Why is it whenever I hear Dr. Ben Carson speak I think of that line from “Scarface?” You know, when Elvira Hancock (Michelle Pfeiffer) tells Tony Montana (Al Pacino), “Don’t get high on your own supply.”
As a physician, Dr. Carson has easy access to all types of medications. I’m not accusing him of sampling his own drugs, but you have to admit he does come off as someone who is medicated.
Words coming out of his mouth lately make no sense. He is offering word-salads that make Sarah Palin sound like a Rhodes Scholar.

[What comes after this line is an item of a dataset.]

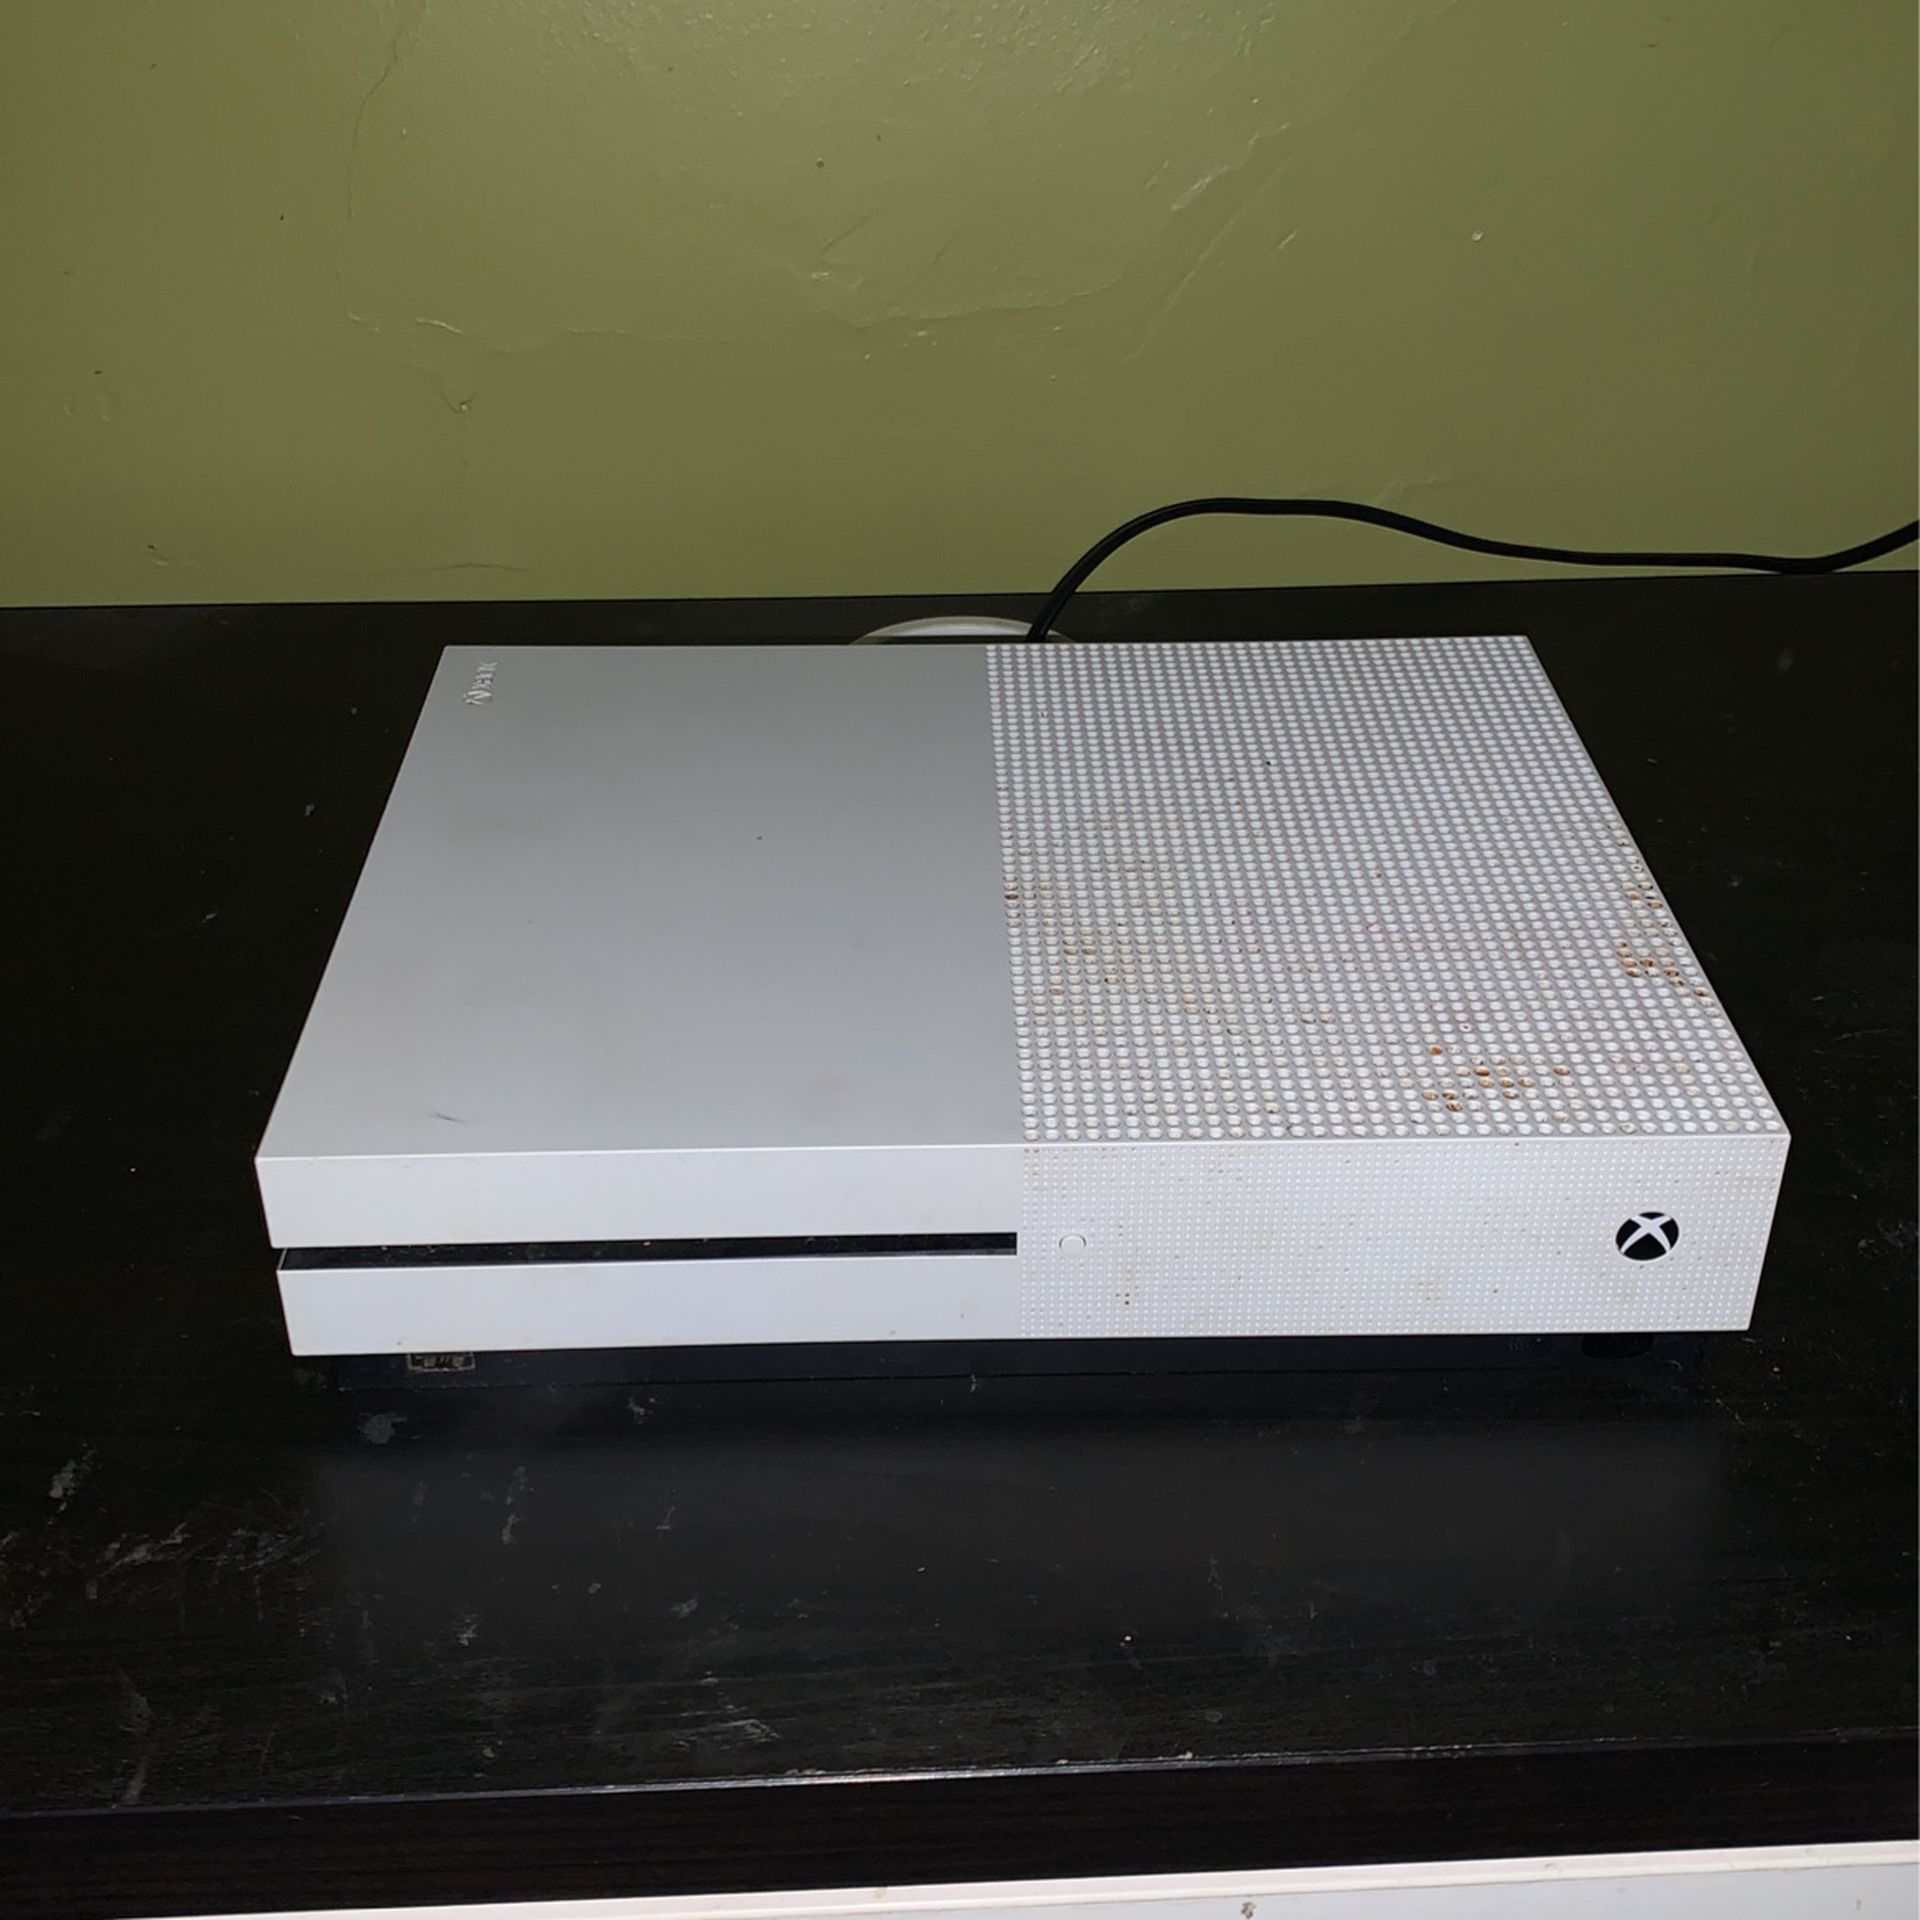  Xbox One S

Take for example this latest episode of reporters trying to ask Carson about his past:
“There is a desperation on behalf of some to try to find ways to tarnish me because they’ve been looking through everything, they have been talking to everybody I’ve ever known, everybody I’ve ever seen,” Carson told reporters at a media availability in Florida.
“‘There’s got to be a scandal. There’s got to be some nurse he’s had an affair with. There’s got to be something.’ They have gotten desperate,” Carson continued. “Next week, it will be my kindergarten teacher who said I peed in my pants. It’s ridiculous. But it’s OK because I totally expect it.”

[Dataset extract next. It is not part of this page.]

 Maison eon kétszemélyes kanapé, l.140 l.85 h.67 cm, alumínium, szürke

This outburst was atypical for the otherwise cool and calm Dr. Carson. He truly seemed annoyed and agitated as never before. This was a striking departure from the laid-back personality he has displayed on the campaign trail.
There are a few explanations for Dr. Carson’s most recent behavior. It could be that the grind of the campaign trail is getting to him. He admitted, “A lot of times people say, ‘Why would someone who has had a wonderful career get involved in the dirty world of politics?’ I frequently ask myself that when I wake up in the morning. It is a dirty world.”
Another explanation could be that whether medication he takes to keep calm and mellow was wearing off.
Of course it could just be that the brilliant, 64-year-old brain surgeon, is simply losing his mind.